As with other assignments in this course, you should carry out all of your work within the Docker container that is distributed as part of the course infrastructure. The combination of Docker, QEMU, and GDB appears in several real-world applications (for example, kernel debugging), so beyond the standardization it offers for our class assignments, being able to use GDB in this way will turn out to be a useful skill for you.

However, the combination of these three adds some additional complexity to the use of GDB:

  • Because it needs to work at the level of the target machine’s ISA (i.e., RISC-V), you can’t just run a compiled program directly with GDB. Instead, you will need to use GDB’s remote-connection facility.

  • The remote-connection facility requires that you have two open terminal windows: one for the executable being run under QEMU and the other for GDB to connect to that process. Unfortunately, the fact that we are running QEMU in a Docker container adds even more complication:

    • Because you are running everything in a Docker container, you need to make sure that both terminal windows are invoking the exact same container instance.

Adding Debugging Support To The CS3410 Container

The CS3410 course infrastructure document suggests that you define an alias (or, on Windows, an equivalent PowerShell function):

alias rv='docker run -i --init -e NETID=<YOUR_NET_ID> --rm -v "$PWD":/root ghcr.io/sampsyo/cs3410-infra'

where <YOUR_NET_ID> should be replaced with your actual Cornell NetID.

We’ll use this as the basis for an invocation that adds two additional pieces of functionality, control of the container image’s name and support for core dumps in the current working directory:

alias rv-debug='docker run -it --rm --init -e NETID=<YOUR_NET_ID> --name testing --ulimit core=-1 --mount type=bind,source="$PWD"/,target="$PWD"/ -v "$PWD":/root ghcr.io/sampsyo/cs3410-infra'

To make the alias stick around when you open a new terminal shell, you will need to add it to your shell’s configuration file. You can do this by pasting the alias at the end of your shell’s configuration file or by typing these commands in your terminal but fill in the appropriate file according to your shell.

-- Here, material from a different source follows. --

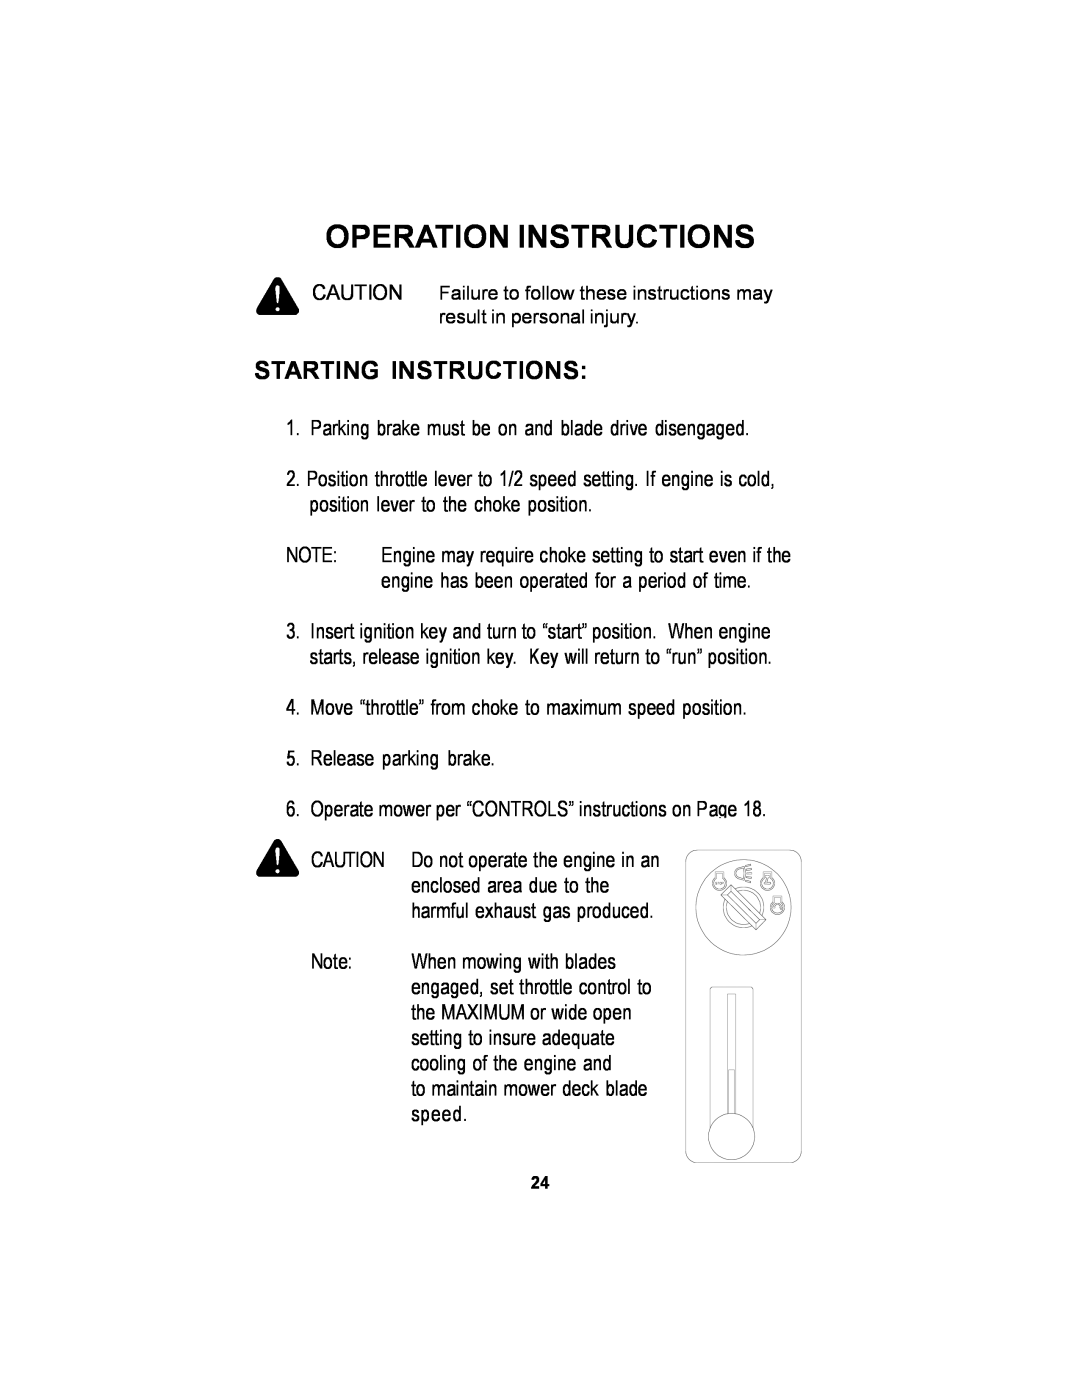 Dixon 14295-1005 manual Starting Instructions, Operation Instructions 
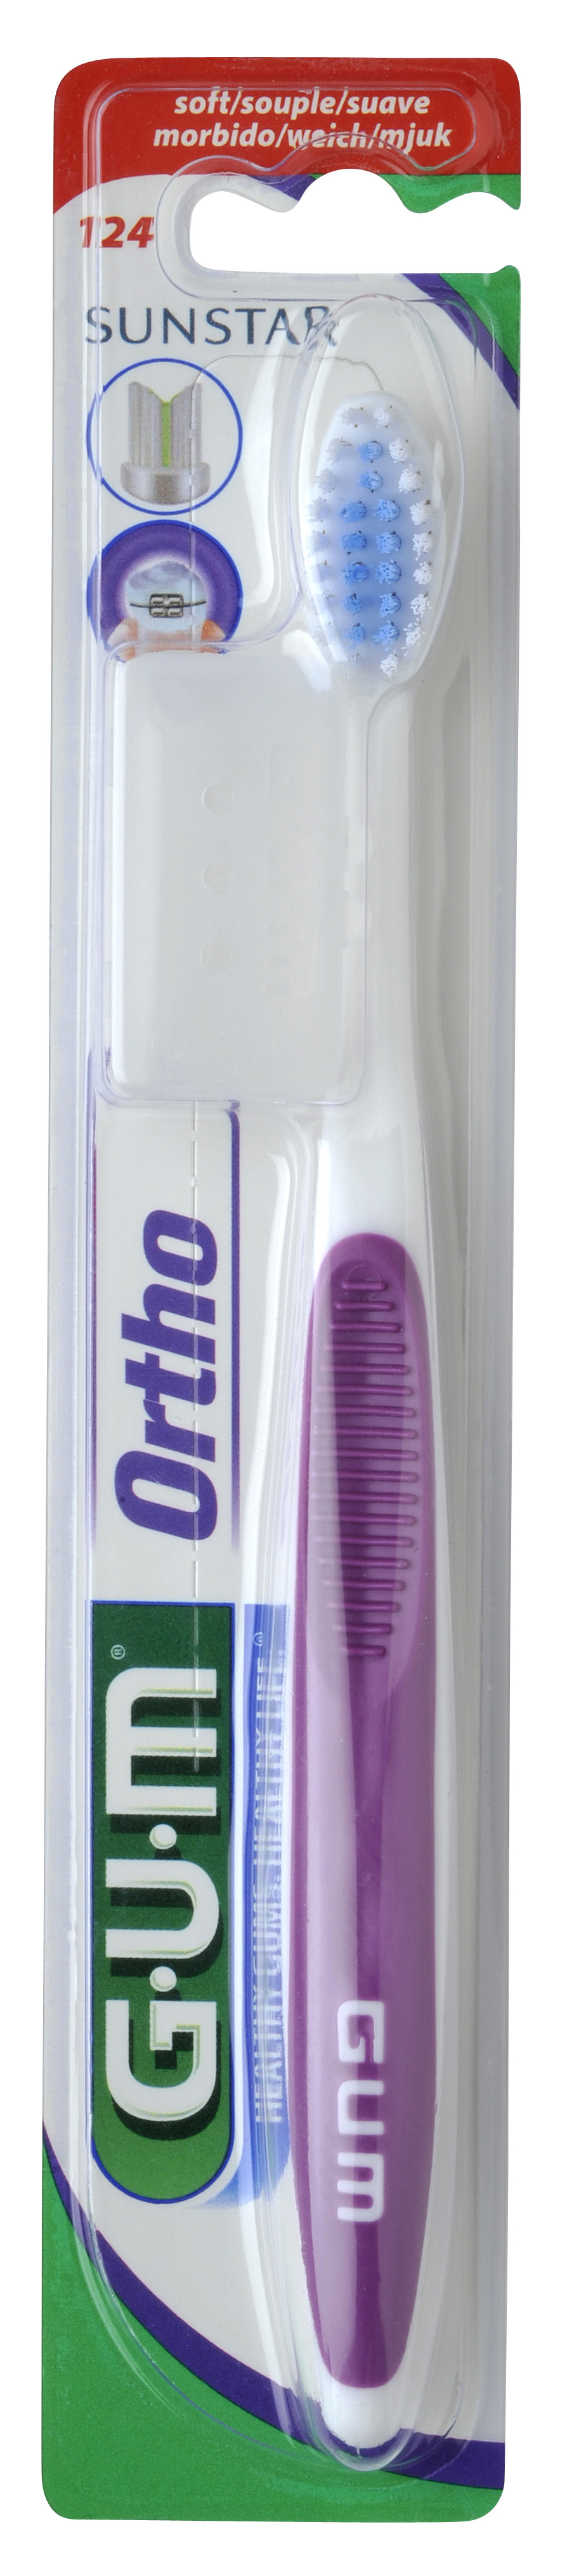 GUM Orthodontic Toothbrush with Cap

echo "alias rv-debug='docker run -it --rm --init -e NETID=<YOUR_NET_ID> --name testing --ulimit core=-1 --mount type=bind,source=\"\$PWD\"/,target=\"\$PWD\"/ -v \"\$PWD\":/root ghcr.io/sampsyo/cs3410-infra'" >> ~/.bashrc

As before, you don’t really need to understand the details of Docker to use this in your work, but for the curious:

  • --name testing changes the name of the container image to “testing”, but you can choose any other name value, so long as it begins with an upper or lowercase letter. This is useful for situations in which you need to run multiple terminal windows with access to the same container image, as you will in the next section of this assignment.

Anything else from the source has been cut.